Aus diesen Erkenntnissen wird deutlich: Ausbildung lohnt sich in jedem Fall!
Immer wieder wird seitens der Kunden kritisch nachgefragt, weshalb der Azubi verrechnet wird. In diesem Zusammenhang ist es wichtig, einige Argumente in der Hand zu haben, um dies für den Kunden nachvollziehbar darzustellen.
Argumentation: Warum ist es gerechtfertigt den Azubi zu verrechnen?
Im SHK-Handwerk gibt es eine Vielzahl an Arbeiten, für deren Ausführung oftmals zwingend eine zweite Kraft benötigt wird. Sollte dies der Fall sein, hat der Betrieb auch das Recht, diese Person entsprechend zu verrechnen.
Darüber hinaus stellt die Ausbildung einen erheblichen Beitrag zur Deckung des Fachkräftebedarfs dar.

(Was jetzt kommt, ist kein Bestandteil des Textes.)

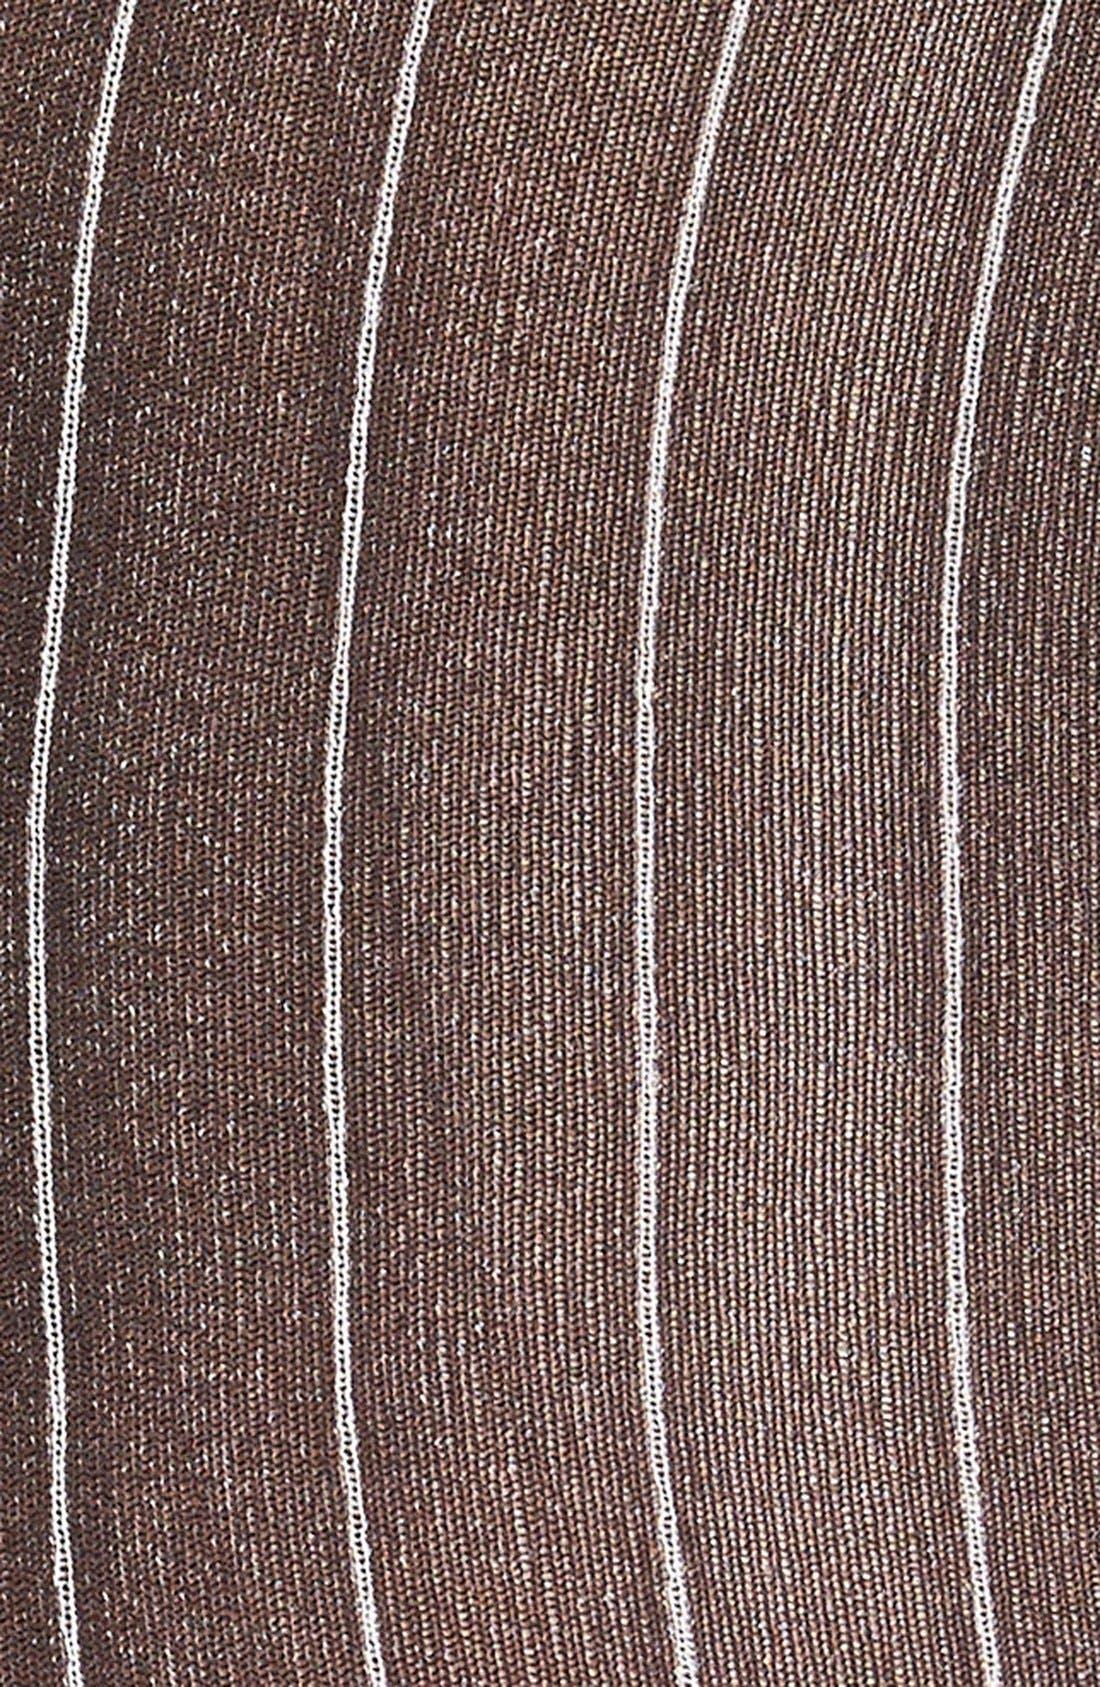 Alternate Image 2  - Oroblu Pinstripe Tights

Ausbildende SHK-Betriebe tragen deshalb in dieser Hinsicht aktiv zu einer langfristig positiven und nachhaltigen gesellschaftlichen Entwicklung bei.
Angehende Fachkräfte müssen Erfahrungswissen aufbauen. Wir alle kennen das Sprichwort „Es ist noch kein Meister vom Himmel gefallen.“ Lehrlinge müssen auch die Möglichkeit haben, das vorhandene Wissen in der Praxis in Zusammenarbeit mit der erfahrenen Fachkraft zur Anwendung zu bringen, um somit Erfahrungswissen aufzubauen.

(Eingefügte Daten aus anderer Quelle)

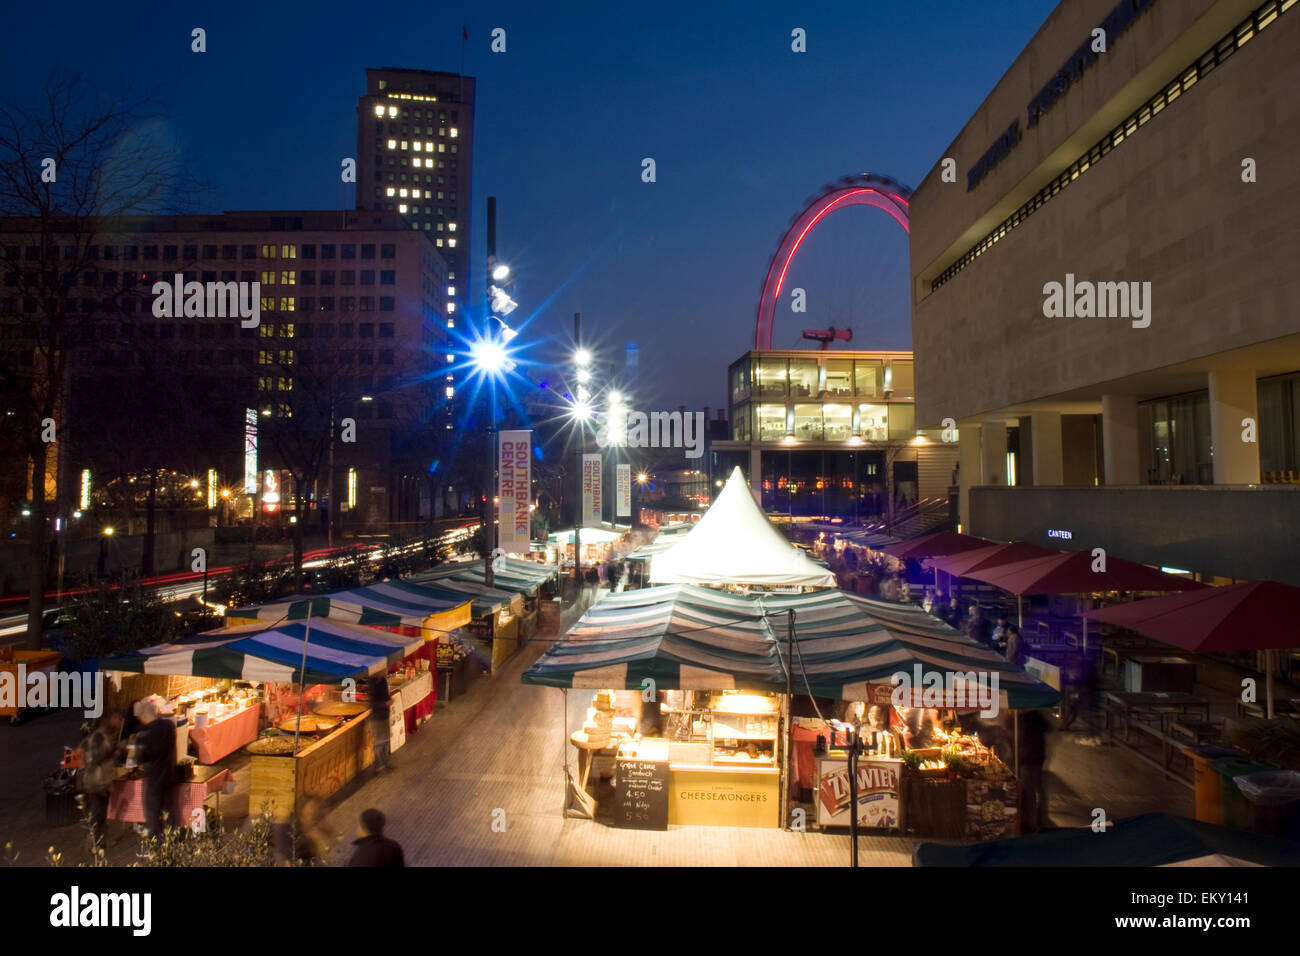 Royal Festival Hall food market, South Bank, London, UK - Stock Image

Dafür werden sie für entsprechend geeignete Aufgaben produktiv eingesetzt und abhängig von ihrem Wissensstand und technischem Können entsprechend anteilig verrechnet.
„Kunden, die nicht verstehen, dass auch Auszubildende verrechnet werden müssen, müssen nicht Kunden des SHK-Handwerks sein“, so Hauptgeschäftsführer Wolfgang Becker.
Fazit: Eine Verrechnung des Lehrlings gegenüber dem Kunden bildet die Grundlage dafür, dass auch zukünftig gut ausgebildete und kompetente Fachkräfte für den Kunden in der Region als Ansprechpartner zur Verfügung stehen und Vor-Ort im Einsatz sein werden. Diese Kompetenz und den damit verbundenen Service kann es nicht zum „Nulltarif“ geben. (Stand 26.06.2024)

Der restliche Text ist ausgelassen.